--- Given information ---

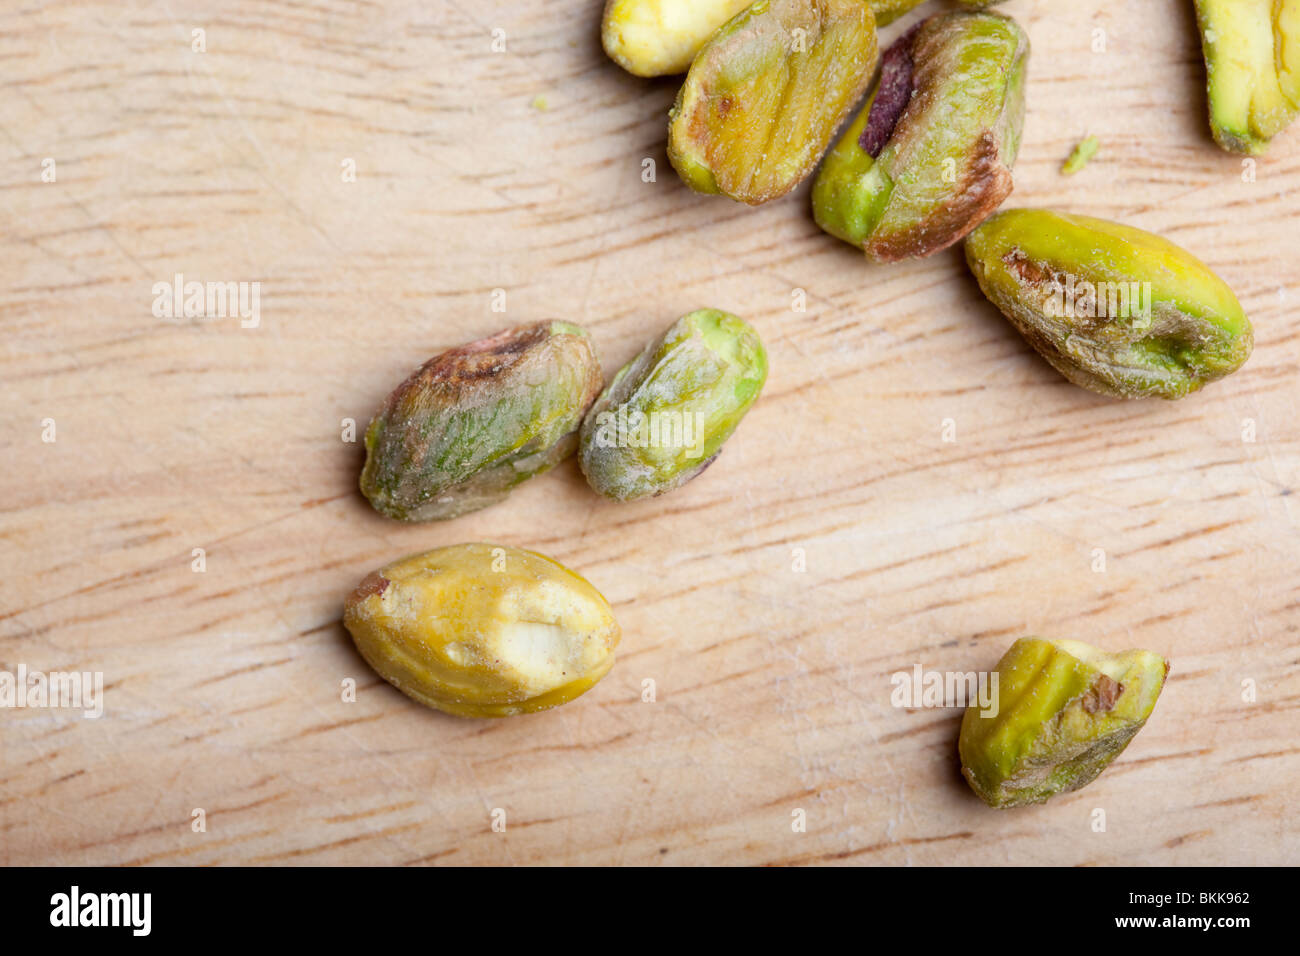 A pile of unshelled pistachio nuts on a wooden board Stock Photo
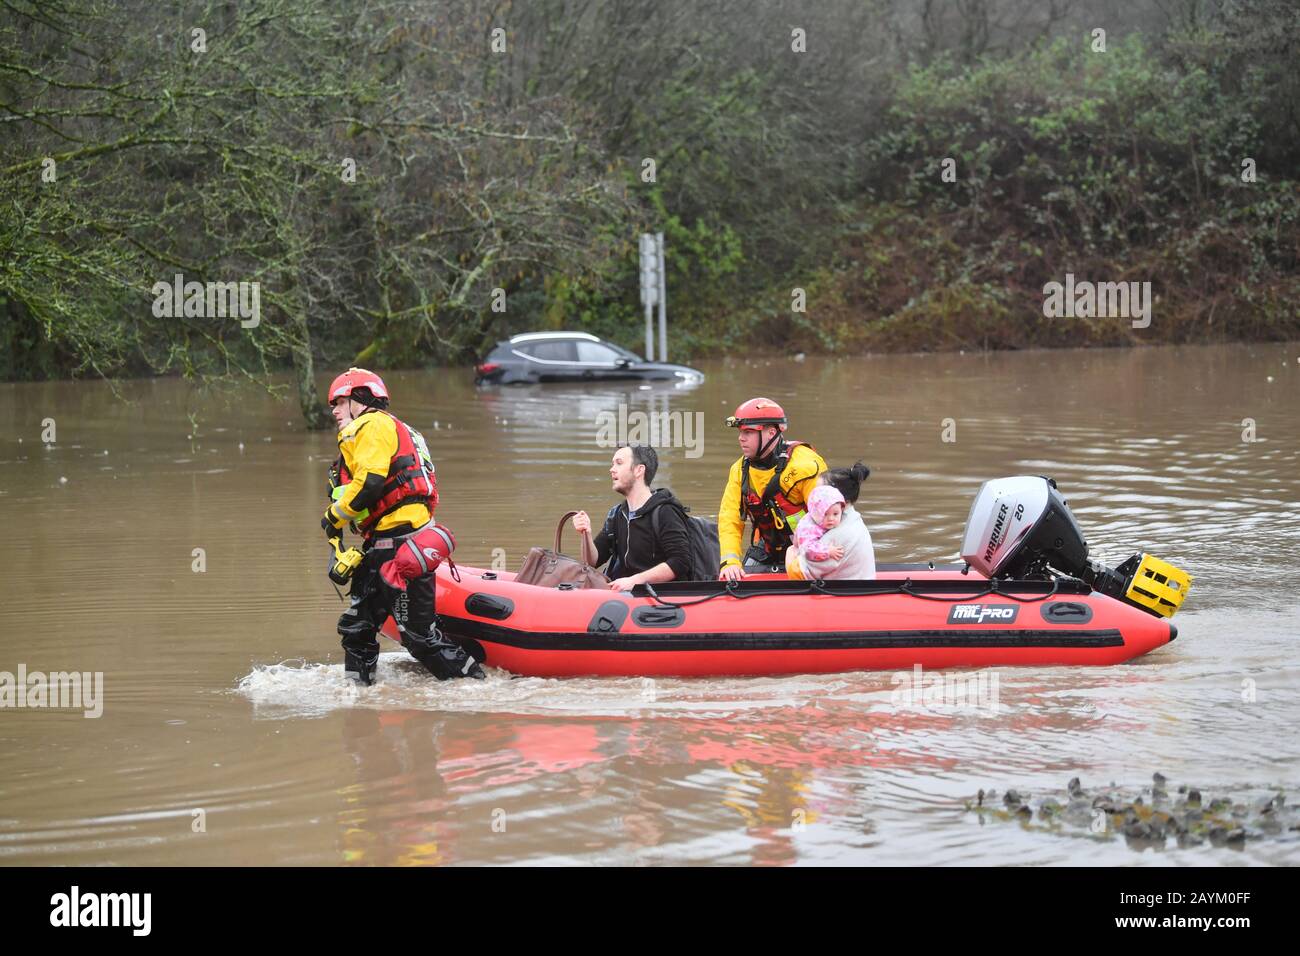 Rescue operations underway after flooding in Nantgarw, Wales after Storm Dennis hit the UK. Stock Photo
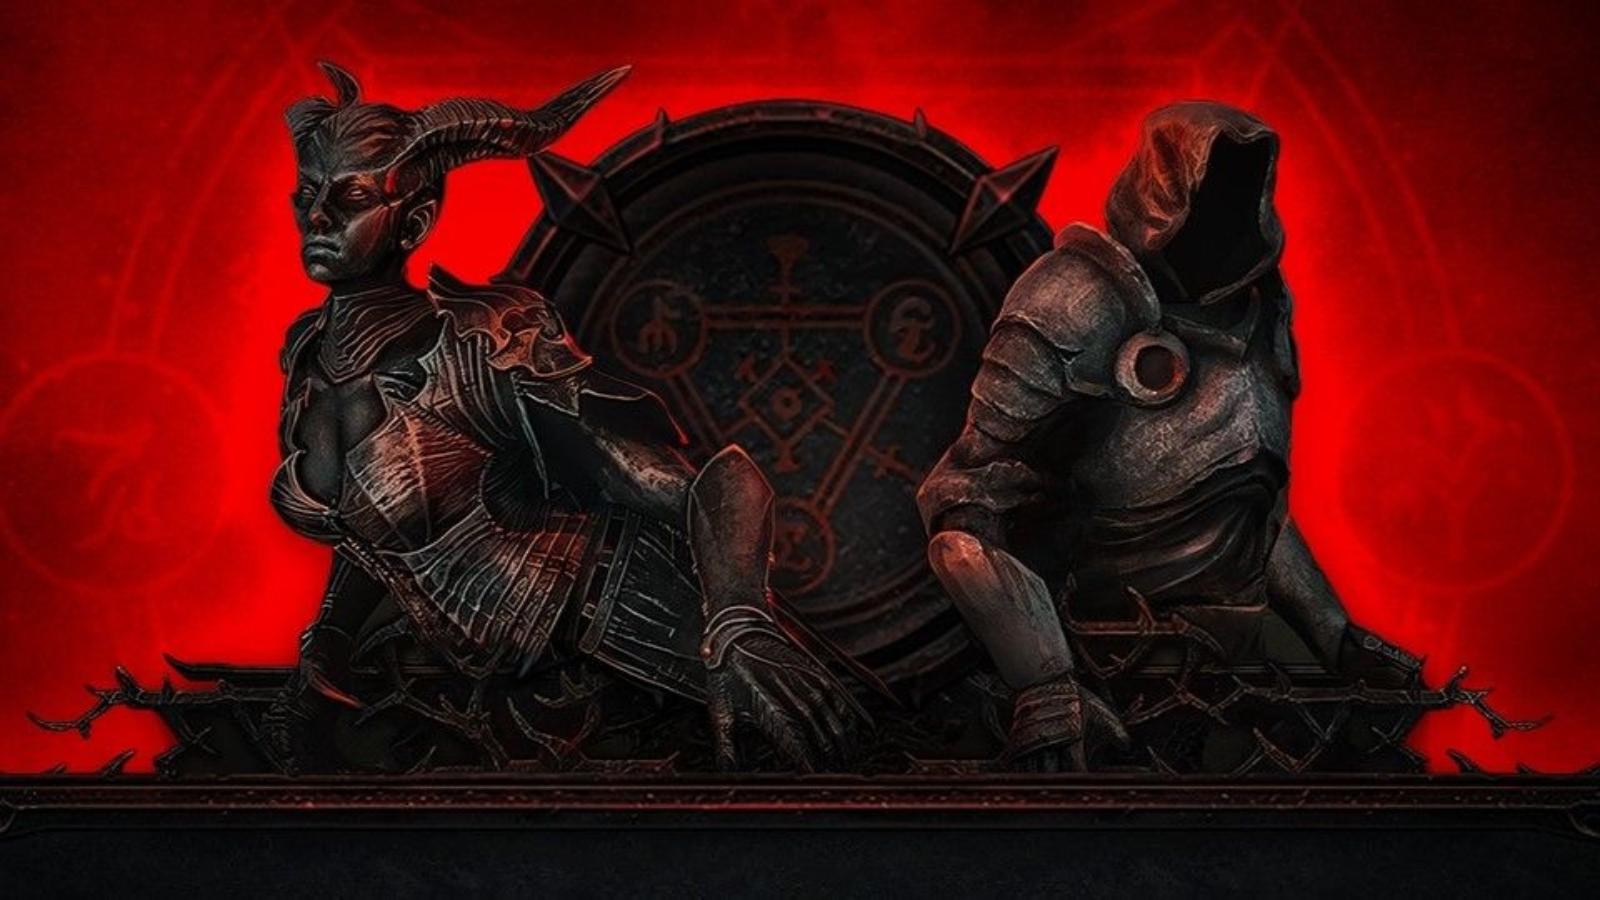 Promotional image for Diablo 4 Season 4 Campfire Chat showing Inarius and a demon

---

• **What this task involves**: Please reproduce the listing exactly, leaving out any pictures.

• **Your response**:
 A pile of unshelled pistachio nuts on a wooden board Stock Photo
 Rescue operations underway after flooding in Nantgarw, Wales after Storm Dennis hit the UK. Stock Photo
 Promotional image for Diablo 4 Season 4 Campfire Chat showing Inarius and a demon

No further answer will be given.